I’ve certainly learnt over the past few months that finding the right low poo hair products is not just difficult but time and money consuming too; two valuable commodities that I struggle to pull out of the bag. There’s all kinds of problems that come with trying to de-turd your tresses and in the end it just got a bit too much for me. That heavy waxy feeling was the first to turn me. Getting out of the shower with that anxious feeling of ‘is it actually going to look clean this time?’ only to find that no, its not… again. The second was the thickness. Some people would sacrifice a leg, a few quid and a small dog to have hair as thick as mine but to me, it’s just a massive hairy pain the arse. It’s thick enough as it is without being boofed up to double its volume; to be honest I was hoping that I’d lose a bit of volume like some others had reported but alas, no such luck.

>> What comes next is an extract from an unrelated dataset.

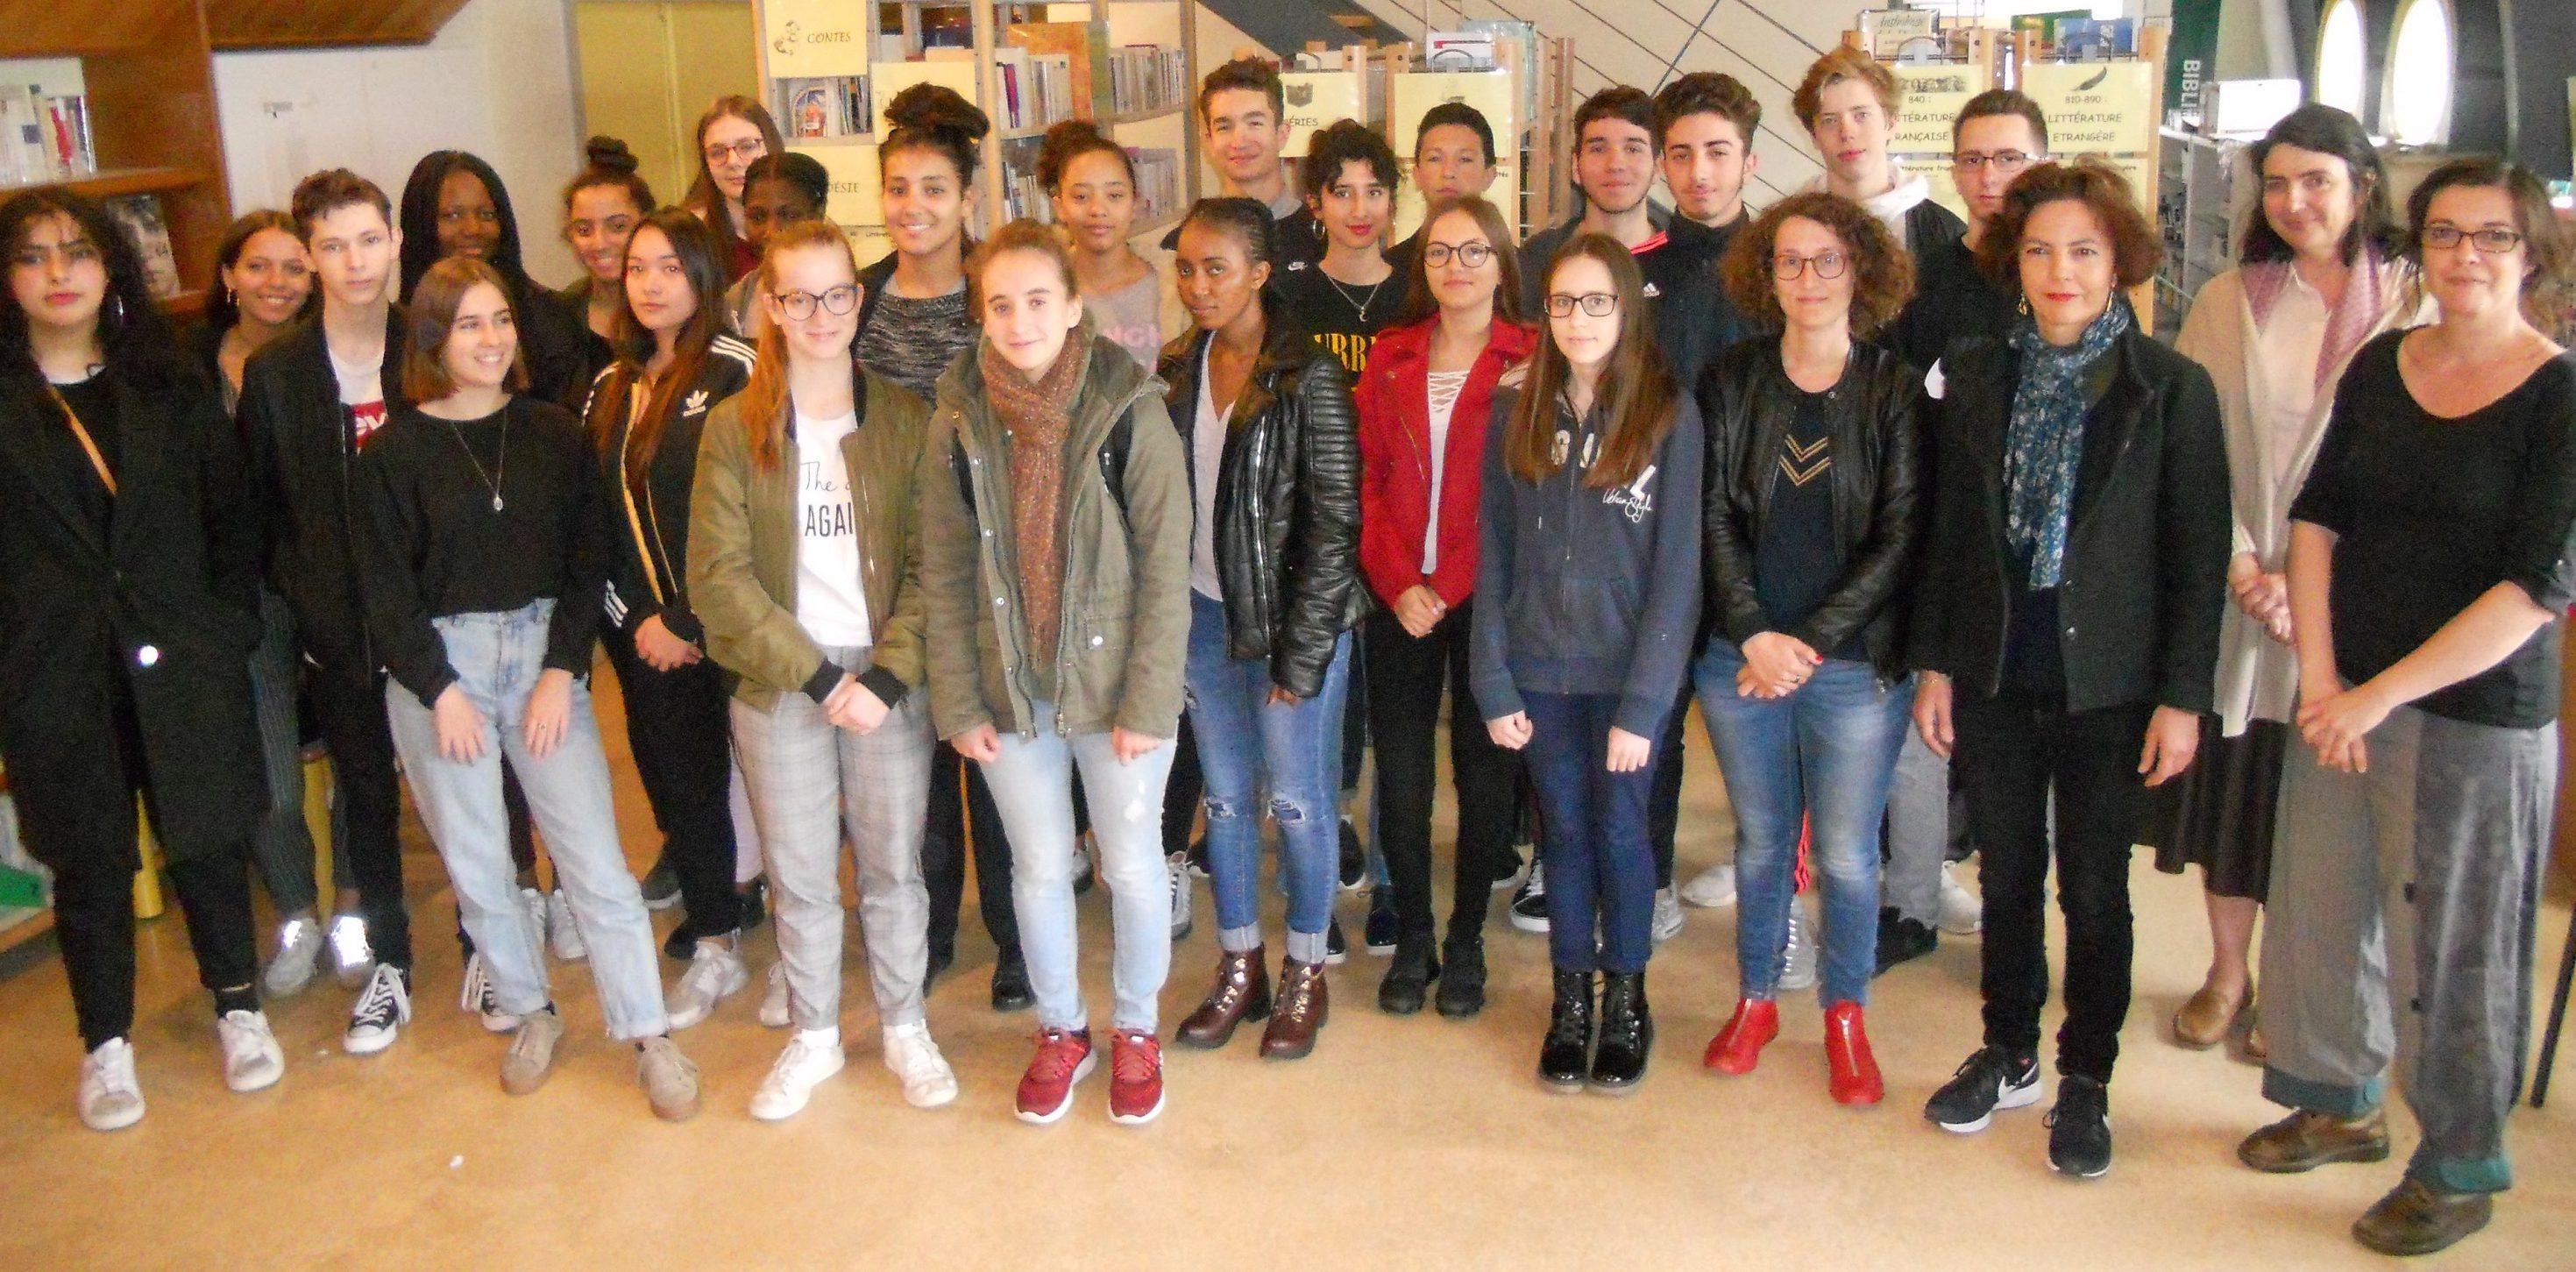 Les élèves de 2nde1 et quelques élèves de Première autour de Pauline Catherinot.

So in the end I was longing for that squeaky clean feeling like an addict looking for their next hit.
I got it. And it felt amazing… for a bit.

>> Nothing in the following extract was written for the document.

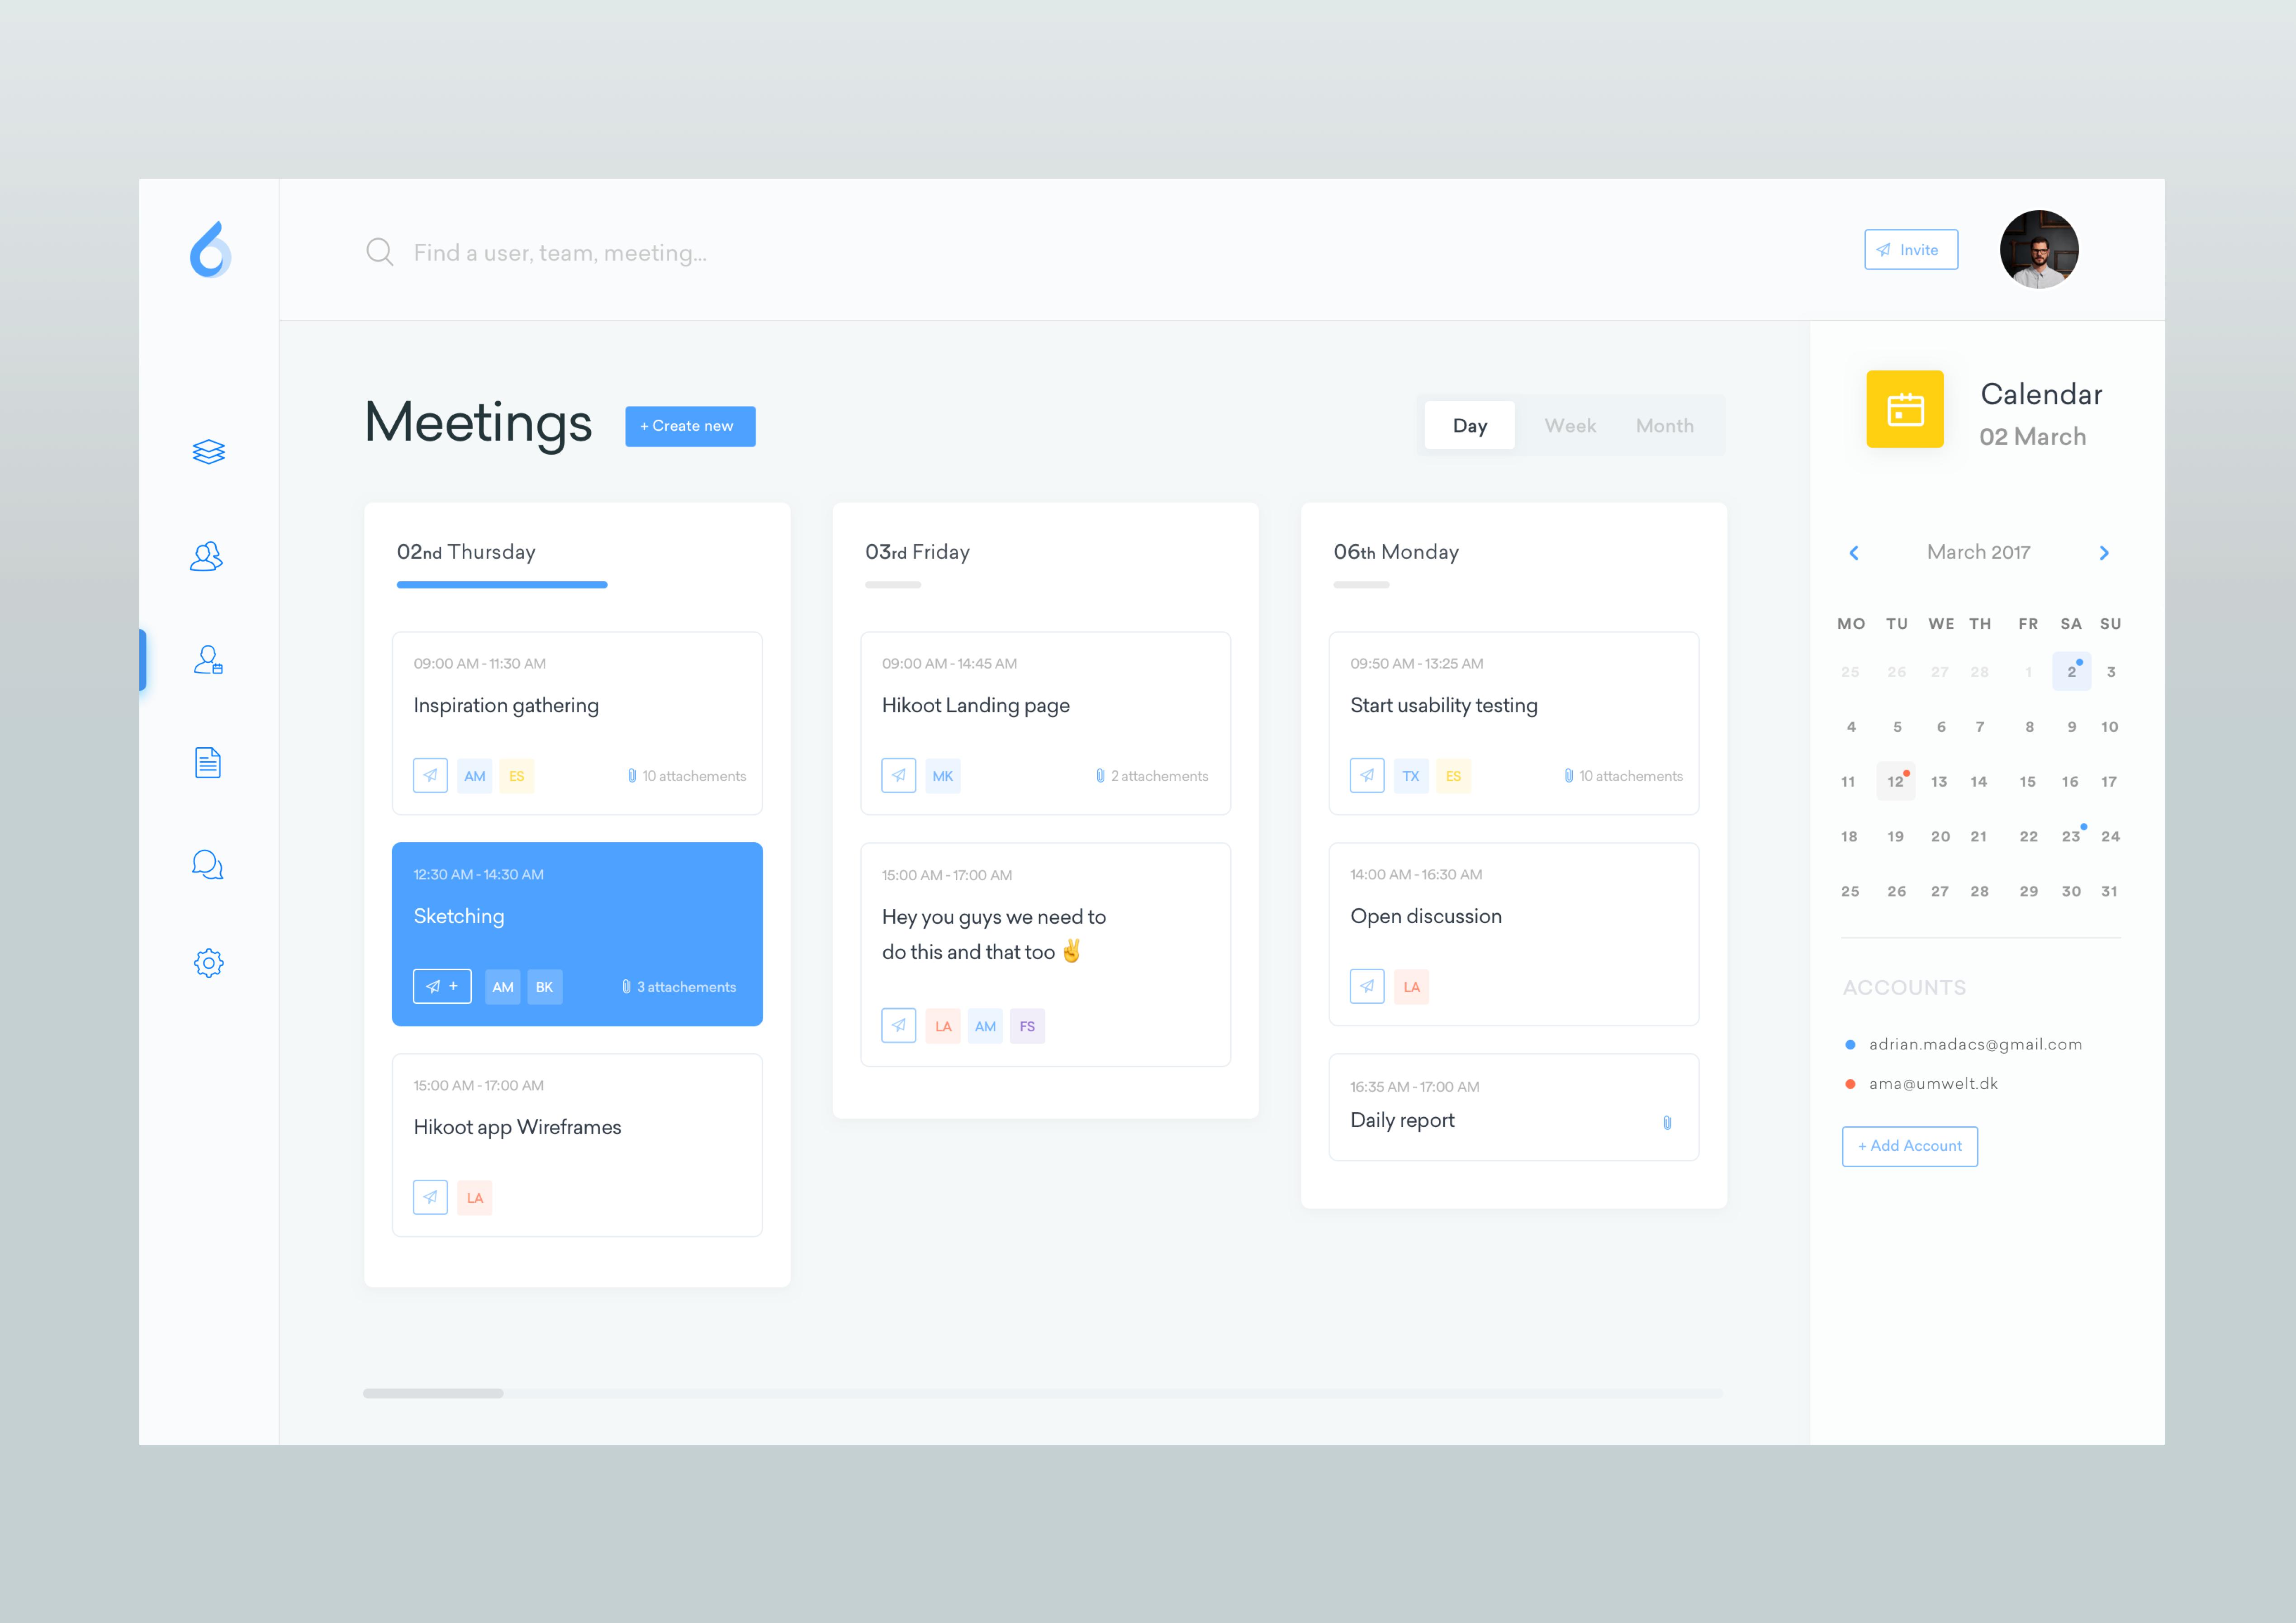 Meetings   dasboard

I know, I feel like the worst person in the world for succumbing to the chemical badness of Head and Shoulders, but, I had it, I enjoyed it and then I hated myself for it. I felt like I’d cheated on my beloved clean products and had some dirty one night stand with a bottle of the bad stuff. I honestly laid in bed that night feeling like I’d just violated myself with this awful concoction of utter crap and laced my head with pure unadulterated dirt. But now I’m looking for redemption and really, REALLY trying my hardest to turn my back on the stuff for once and for all. I’m not talking about going to confession once a week and professing my sins whilst attempting to dedicate my life to the greater good, but summer holidays are coming (amen to working in a school!) and there’s just about 6 weeks where I can get away with looking a bit shit and I fully intend to put maximum effort in and dig deep for the willpower that I so clearly lack in this area.

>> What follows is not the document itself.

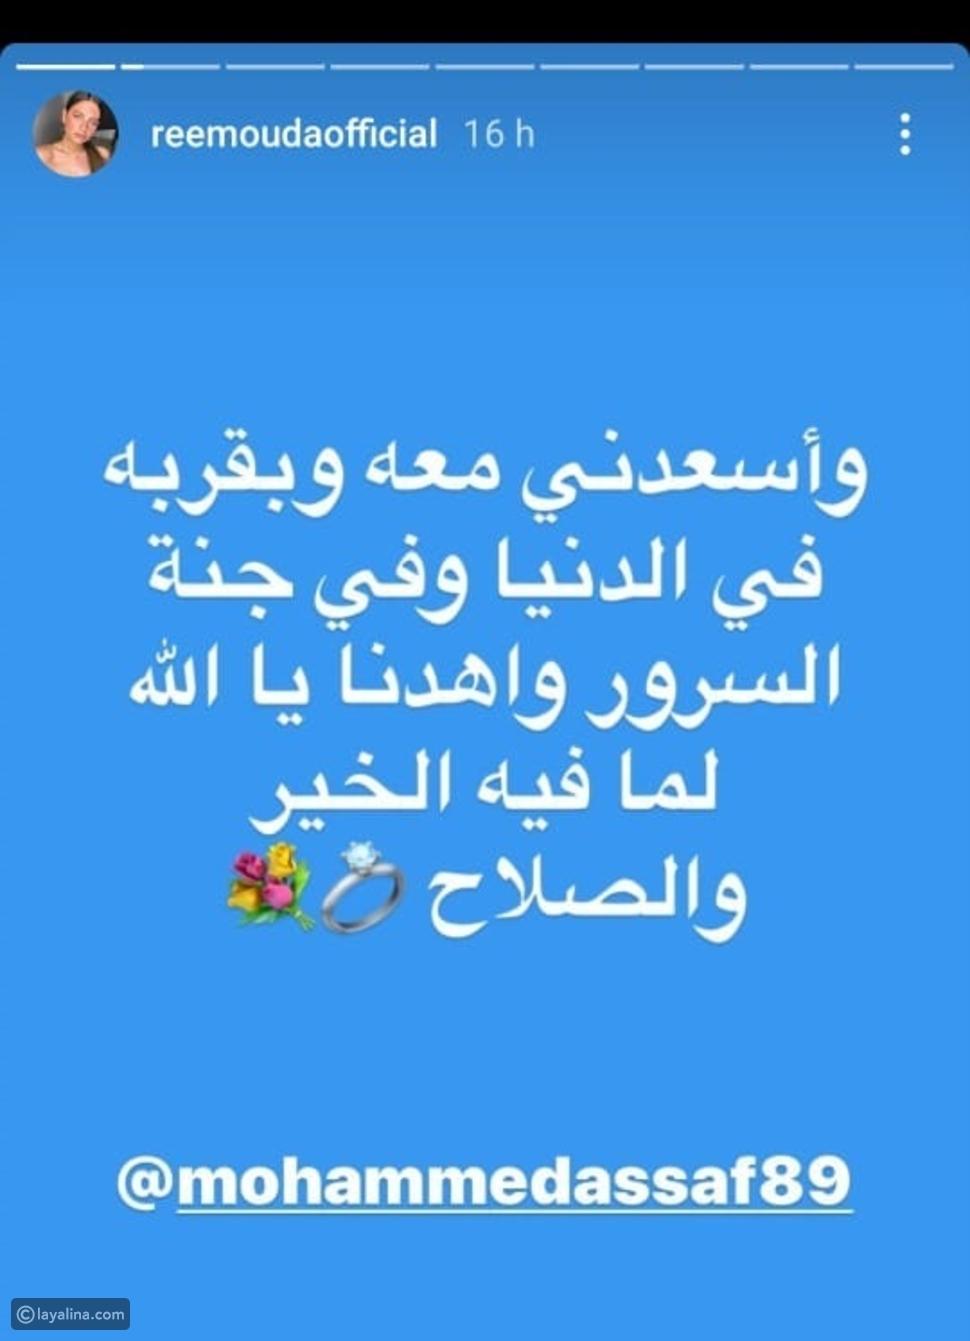 حساب يحمل اسم ريم عودة زوجة محمد عساف

But enough of the gloomy stuff; these past few weeks have been awesome! The weather’s taken a turn for the better (she says while it’s piss wet pouring outside) and we’ve been able to get out and about doing what we love to do best – explore and enjoy! Peanut has found her inner tomboy and taken to getting mucky as hell at nursery and dirtying her knees when we’re outside at every given opportunity. That girl is my elixir and I can’t quite work out whether its the amazing Ooh! Cacay Oil that came in the May Beauty Box from Love Lula that’s doing it, or the constant reminder from Peanut that I’m getting on a bit so I need to stay fit and healthy to keep up with her; but the crows feet have decided to hide from view and I’m enjoying clawing back a couple of years of my youth. I know kids are full of it but when my students are telling me that they thought I was 21, I can’t help but grin like a goon.